기존 uncertainty를 aleatoric(줄일 수 없는 불확실성)과 epistemic(학습으로 줄일 수 있는 불확실성)으로 나누는 이분법은 학파마다 정의가 충돌해서 이미 이론적으로 모순이 있음
실험적으로도 aleatoric/epistemic 추정값의 랭크 상관관계가 0.8~0.999로 거의 같은 값을 냄 — 둘을 분리해도 의미가 없다는 뜻
대화형 LLM에서는 follow-up 질문을 하면 aleatoric이 epistemic으로, epistemic이 aleatoric으로 바뀌기 때문에 이분법 자체가 무의미해짐
GPT-3.5-Turbo-16k조차 모호한 질문을 감지하는 정확도가 57%에 불과 (랜덤 베이스라인 50%와 거의 차이 없음)
새로운 연구 방향 3가지 제안: ① 사용자가 처음에 과제나 정보를 덜 줄 때의 underspecification uncertainty 탐지, ② 명확화 질문을 통한 interactive learning으로 불확실성 감소, ③ 숫자 하나가 아닌 언어/음성으로 풍부하게 불확실성 표현
LLM 에이전트가 '잘 모르겠다'를 숫자 대신 텍스트로 설명하면(왜 불확실한지, 어떤 선택지가 있는지) 사람이 더 잘 판단할 수 있음

Evidence

aleatoric/epistemic 추정값의 랭크 상관관계가 0.8~0.999 — 이론적으로 분리된 두 지표가 실제로는 같은 정보를 담고 있음 (Mucsányi et al., 2024, ImageNet-1k deep ensemble 실험)
GPT-3.5-Turbo-16k가 모호한 질문을 탐지하는 정확도 57% (랜덤 50%), 사람 평가자도 follow-up 질문이 유용하다고 답한 비율은 53%에 불과 (Zhang et al., 2024)
Natural Questions 테스트셋의 56%에서 질문이 모호해 정답이 하나가 아님 — 현재 LLM이 맞닥뜨리는 underspecification 문제의 규모 (Min et al., 2020)
2024년 기준 arXiv에 'aleatoric' 또는 'epistemic'을 제목/초록에 포함한 논문이 하루에 약 1편씩 출판되고 있으나, 이 논문은 그 방향성 자체에 문제가 있다고 지적

How to Apply

챗봇이 답변 전에 '이 질문은 국가 정보가 빠져 있어서 답이 달라질 수 있습니다. 어느 나라 기준인가요?' 같은 명확화 질문을 먼저 하도록 프롬프트를 설계하면 underspecification uncertainty를 줄일 수 있음
불확실한 답변을 '확률 0.6' 대신 '두 가지 가능성이 있습니다: A라면 ~, B라면 ~. 어떤 상황인지 알려주시면 더 정확히 답할 수 있습니다' 형식으로 출력하도록 시스템 프롬프트에 지침을 추가하면 사용자가 더 잘 판단 가능
자동화 파이프라인(사람이 아닌 다른 시스템과 통신)에서는 기존 수치 불확실성 스코어를 유지하되, 사용자 대면 인터페이스에서는 텍스트 기반 불확실성 표현으로 전환하는 이중 전략을 구성하면 두 환경 모두 커버 가능

Code Example

snippet

# 불확실성을 숫자가 아닌 텍스트로 표현하는 시스템 프롬프트 예시
SYSTEM_PROMPT = """
You are a helpful assistant. When you are uncertain about an answer:
1. DO NOT just say a confidence score like '70% confident'.
2. Instead, explain WHY you are uncertain.
3. List the competing possibilities and what distinguishes them.
4. Ask ONE clarifying question if missing information is the key issue.

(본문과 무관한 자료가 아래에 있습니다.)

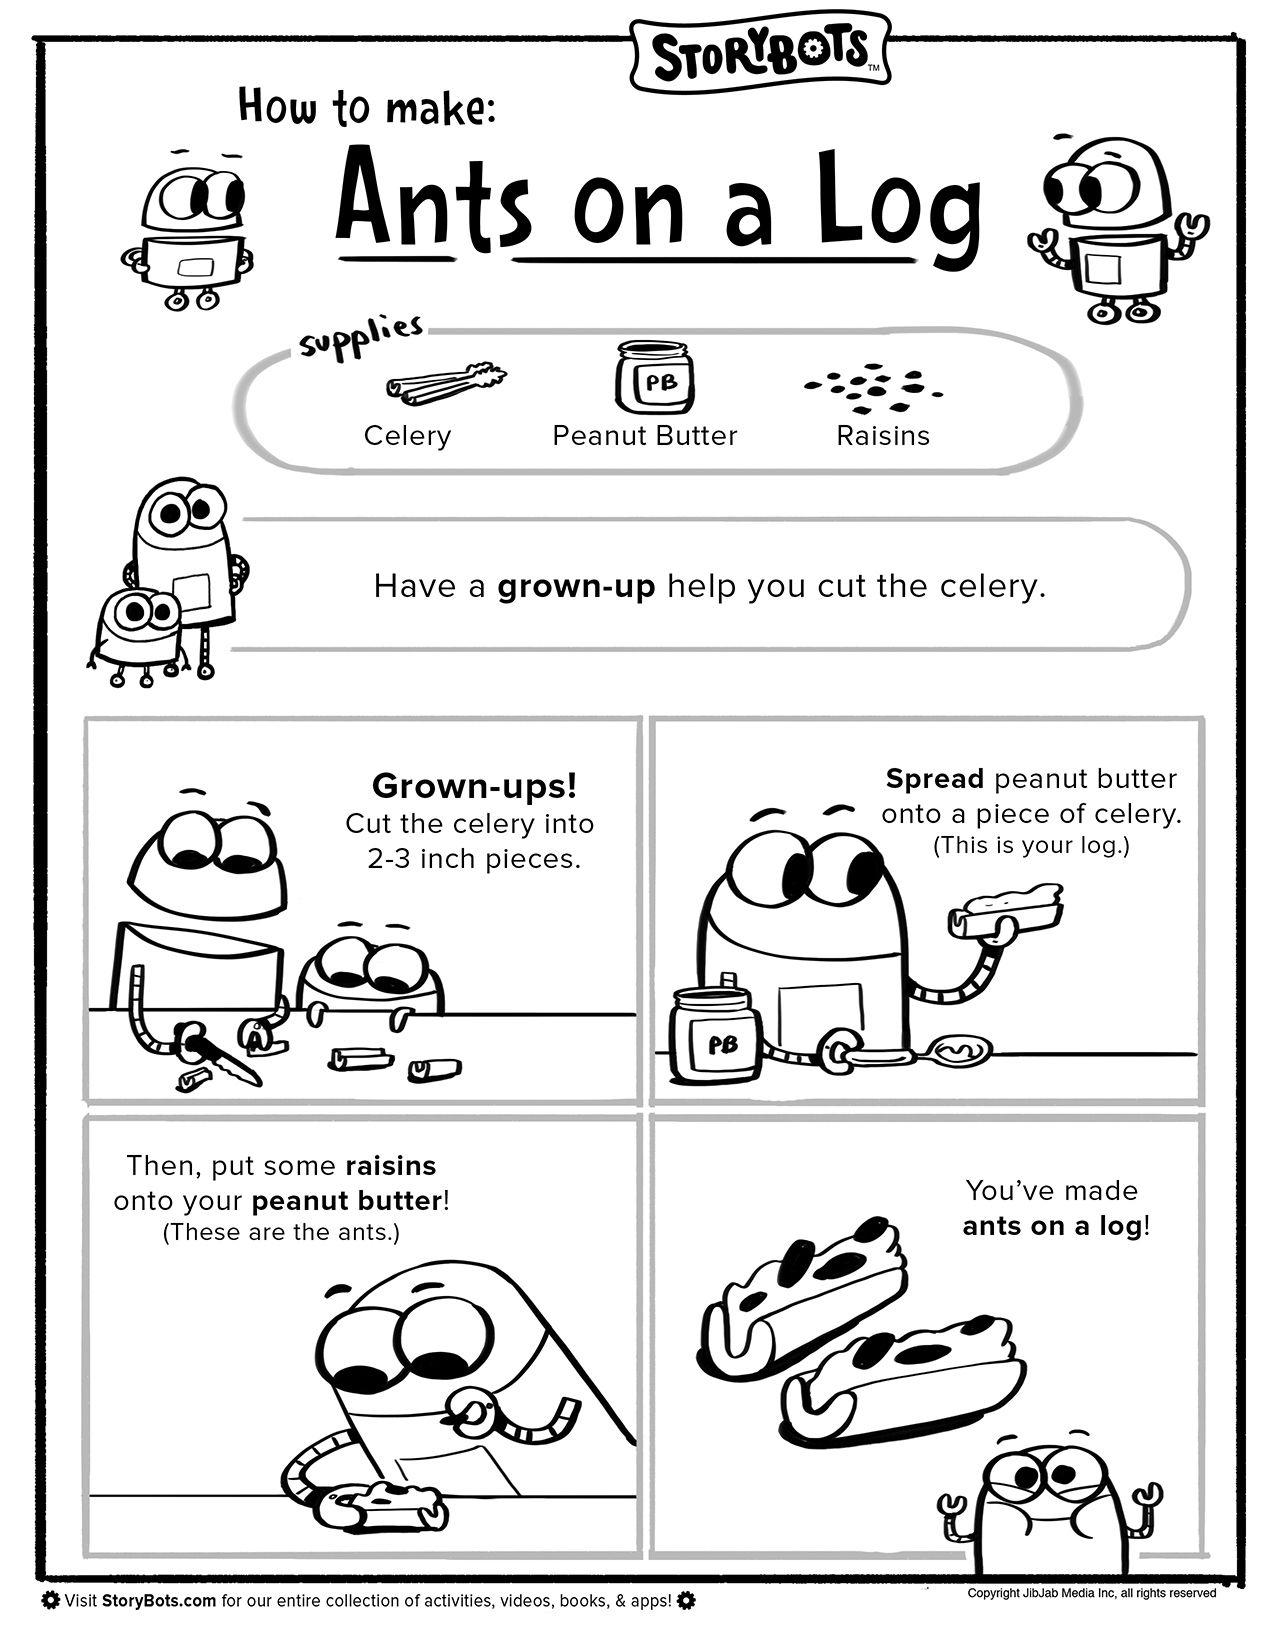 Make Ants On A Log

Example of good uncertainty expression:
"There are two likely answers depending on context:
- If you're asking about the US release: November 2001
- If you're asking about the UK release: November 4, 2001
Could you clarify which country you're asking about?"

Example of bad uncertainty expression:
"I'm about 70% confident the answer is November 2001."
"""

Terminology

Uncertainty Quantification (UQ)모델이 얼마나 확신하는지를 수치로 나타내는 기법. 의사가 '90% 확률로 감기'라고 말하는 것처럼, AI도 자신의 답변 신뢰도를 표현하는 것.

Aleatoric Uncertainty데이터 자체가 원래 불명확해서 아무리 학습해도 줄일 수 없는 불확실성. 동전 던지기처럼 본질적으로 예측 불가능한 요소에서 오는 불확실함.

Epistemic Uncertainty모델이 아직 충분히 학습하지 못해서 생기는 불확실성. 책을 더 읽으면 줄어드는 '지식 부족'에서 오는 불확실함.

Underspecification Uncertainty사용자가 질문을 애매하게 하거나 정보를 덜 줬을 때 생기는 불확실성. '해리포터 언제 나왔어?'에서 어느 나라 개봉일인지 안 알려준 상황.

Interactive Learning능동학습(Active Learning)에서 착안한 개념으로, AI가 사용자에게 명확화 질문을 던져서 현재 대화의 불확실성을 줄이는 방식. 전체 모델을 업데이트하는 게 아니라 지금 이 대화를 더 잘 풀기 위한 질문.

Calibration모델이 '80% 확신'이라고 하면 실제로 80%의 경우에 맞아야 한다는 개념. 일기예보가 '비 올 확률 80%'라고 했을 때 실제로 10번 중 8번 비가 와야 잘 보정된 것.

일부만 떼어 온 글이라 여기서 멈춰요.